DW in CS6 was broken in major ways. For Adobe customers that used the ‘monthly rent’ software and Creative Cloud (CC) a fix was provided. That started the flow of outrage toward Adobe. I was pissed that some people were getting fixes and because I bought the DVD based software and perpetual license I didn’t get fixes. Well, much later I did… finally. But, grrrrrrr!
This basically means the people using the install-from-DVD versions were second class users. Bug fixes were only available to them much later. In my case this meant I mostly continued to use CS5.5 after shelling out for an update to CS6.
Tech Crunch has published the article: Adobe Goes All-In With Subscription-Based Creative Cloud, Will Still Sell CS6 For Now But Will Stop Developing It. This article points out many of the advantages to Adobe for going with this new model for their software. Most of the Chicken Little’s and the frustrated having a hard time coping and are not considering the up sides mentioned there.
A big psychological point is the feeling of owning the software. With CS6 if your world falls apart, you can cut all expenses, move into your back bedroom, start over, and still have your creative tools. All you have to come up with is electricity. In this day an age that is no small consideration.
The professional users that are speaking are seeing the change as reasonable. Adobe provides new tools with each version that save time. This is something Microsoft has not been able to do as well for most if its business users. For professionals that spend 8 hours per day (minimum) with images and/or video the time savings can easily pay for the updates. The time saved working with images or web sites is significant. The additional time saved typing a letter from version to version of Word is insignificant. So, this model is probably going to work better for Adobe and professional users of their products.
I am unhappy about the change and the apparent decline in the quality of Adobe products. But I am considering making the change. While the quality of the software is declining the conceptual quality of the user interface and the features being built in are simply phenomenal. Said another way: great stuff, but buggy as hell… well… DW not PS.

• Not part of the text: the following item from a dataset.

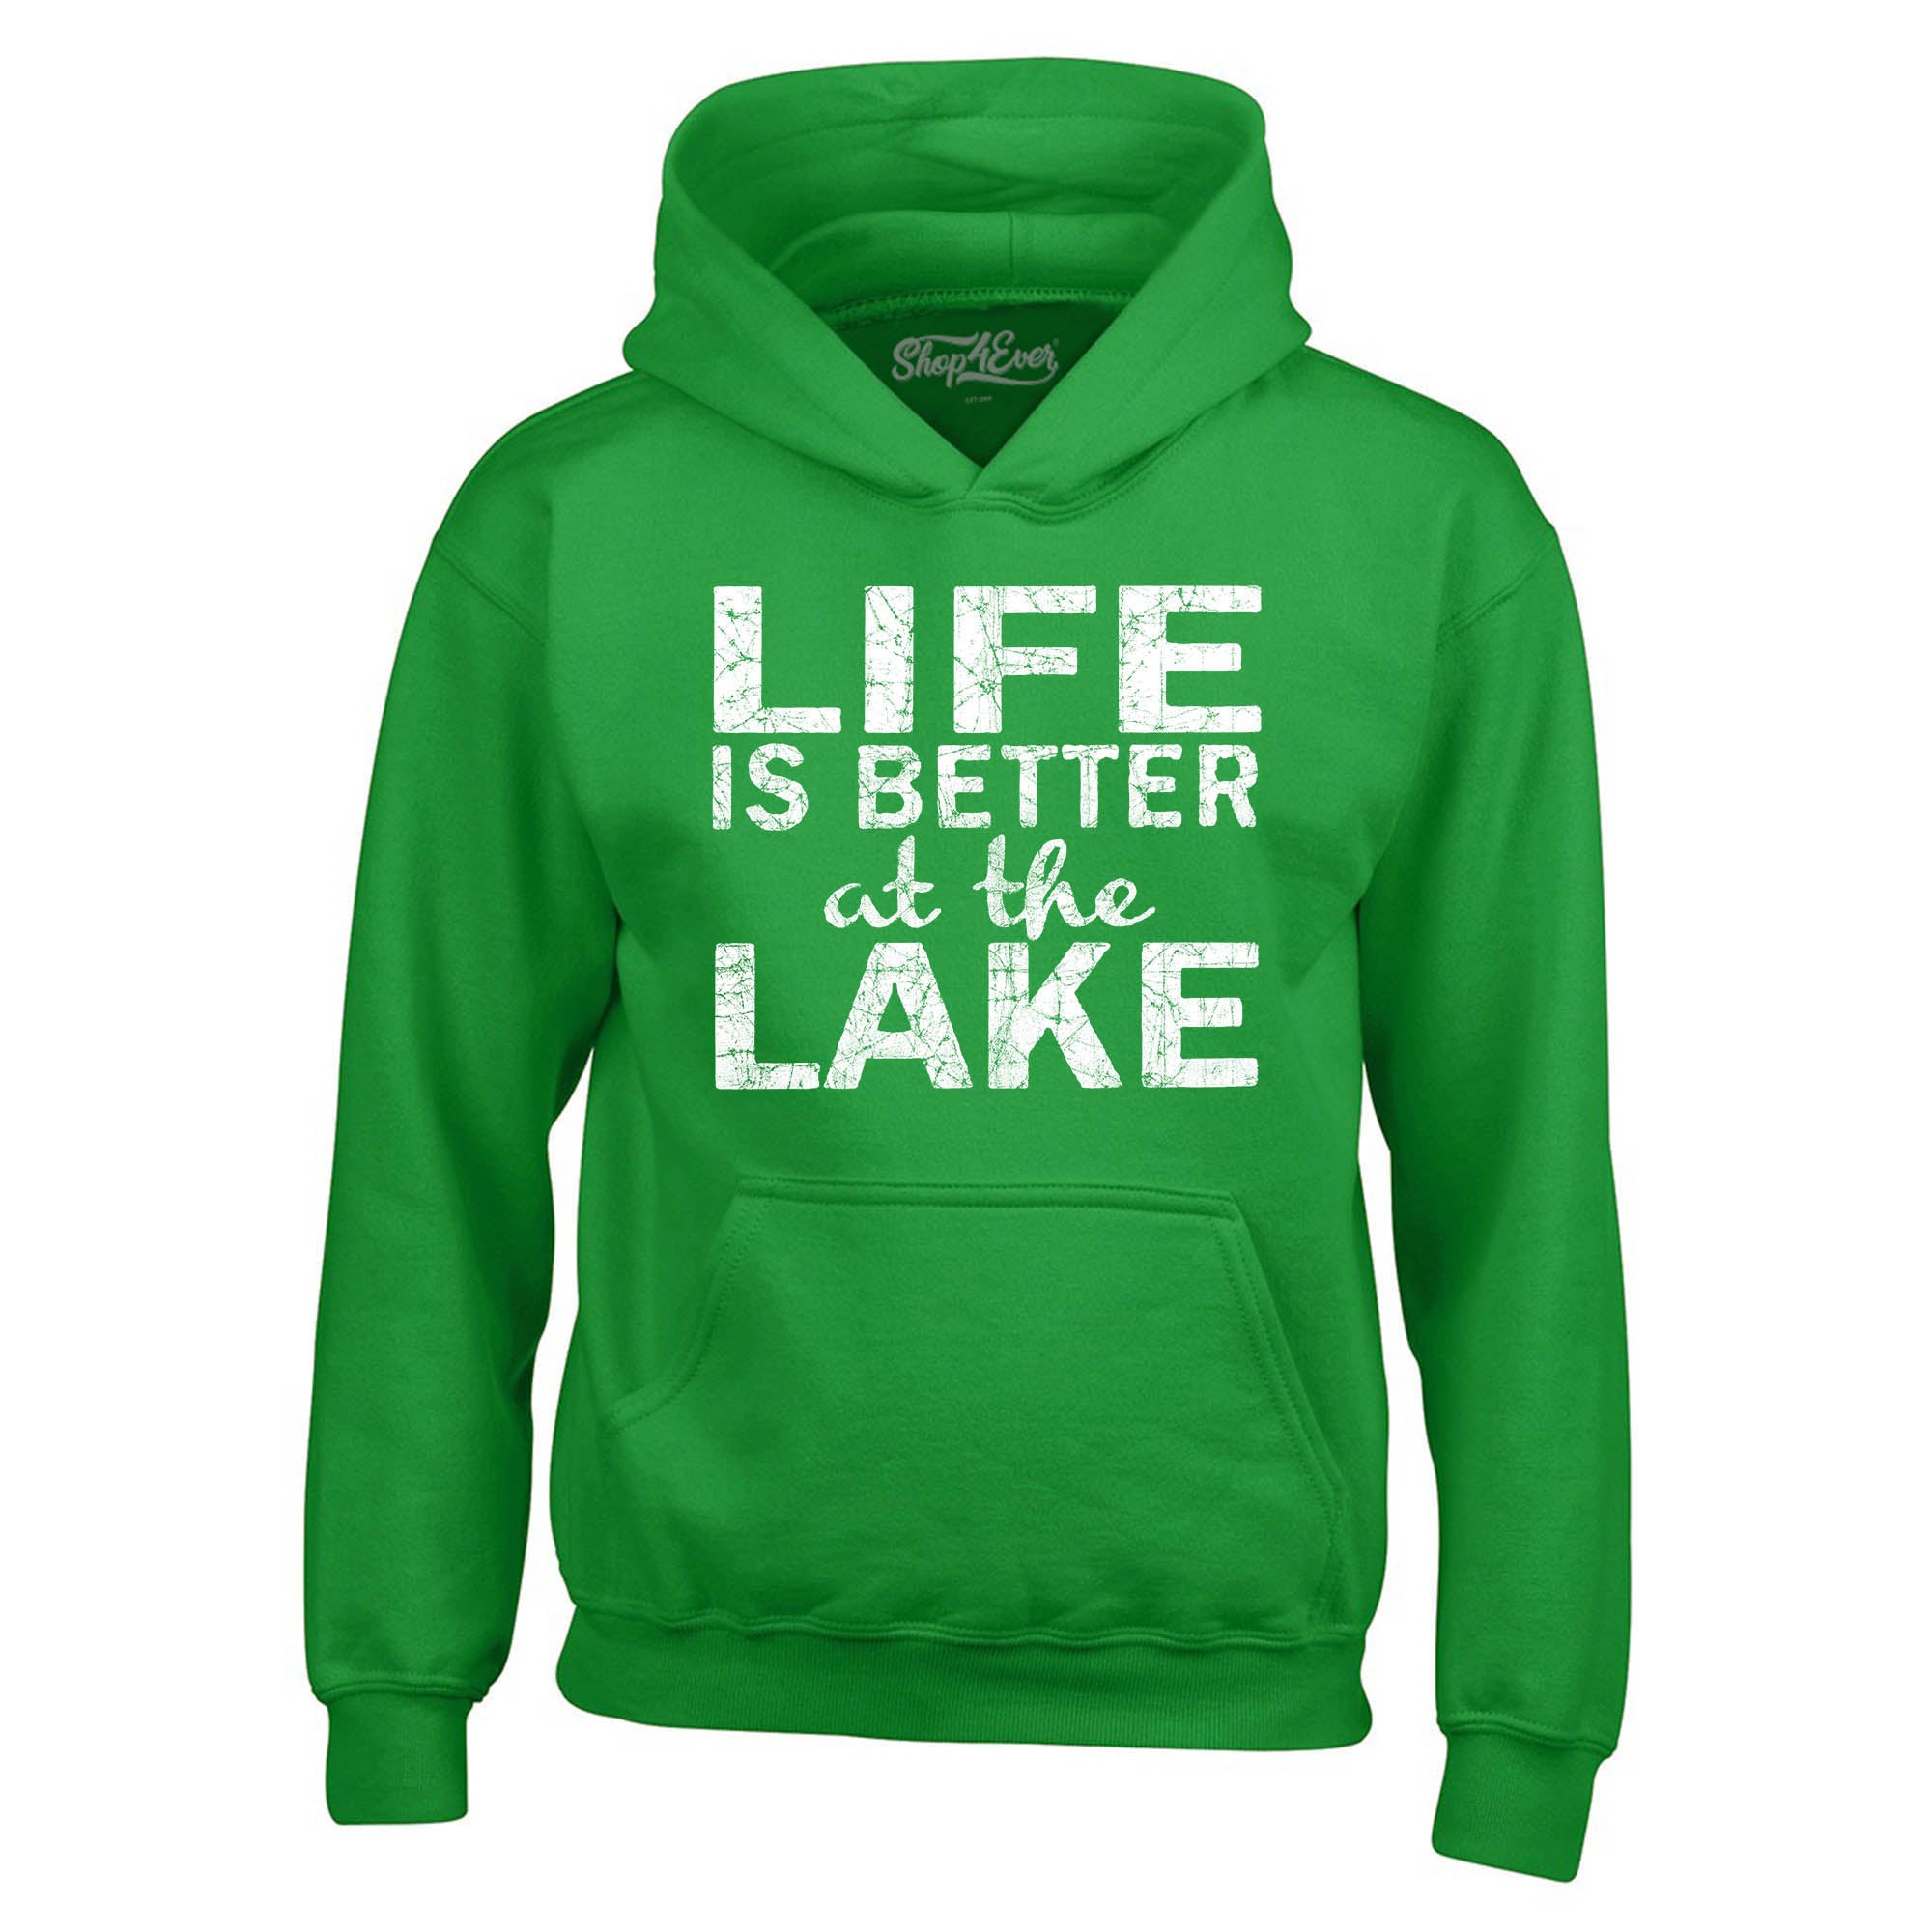 Life is Better at The Lake Hoodies Sayings Sweatshirts

This new model is going to reduce the workload and simplify the development process for Adobe. For us that means fewer bugs and more new features sooner. And some of the new features are magic. You can’t do that stuff with software.
Also, to never have to upgrade the software and reinstall plug-ins and learn a drastically changed user interface… that should be a huge time savings.
But, if the economy declines any further (its way debatable once you get past the propaganda in the media and look at numbers) those gong with the new plan will lose all the nice new stuff and have to revert back to CS6. So, I am keeping my CS5.5 and CS6 install packages. If you use CS3 you know about getting the permanent offline software keys. I expect to be doing that with my 5.5 and 6 versions.
For now CS6 is being sold. Once the new model is in place (July 31, 2013) development on CS6 will stop, if it hasn’t already. I am guessing that means no new fixes… ever. You get it and its bugs for life. Fortunately PS CS6 is very stable.
Between now and July 31, 2013 users of CS3 and up can upgrade at a discounted price. Instead of $49/mo you can get the software for $29/mo. What they are not saying is scary. They are not saying for how long this rate will last. We can surmise that with annual subscriptions it will last a year, but then what?
If at any renewal point Adobe decides they want more money, they can raise the price. At that point you will have a very limited time to decide whether to continue or drop all your Adobe products.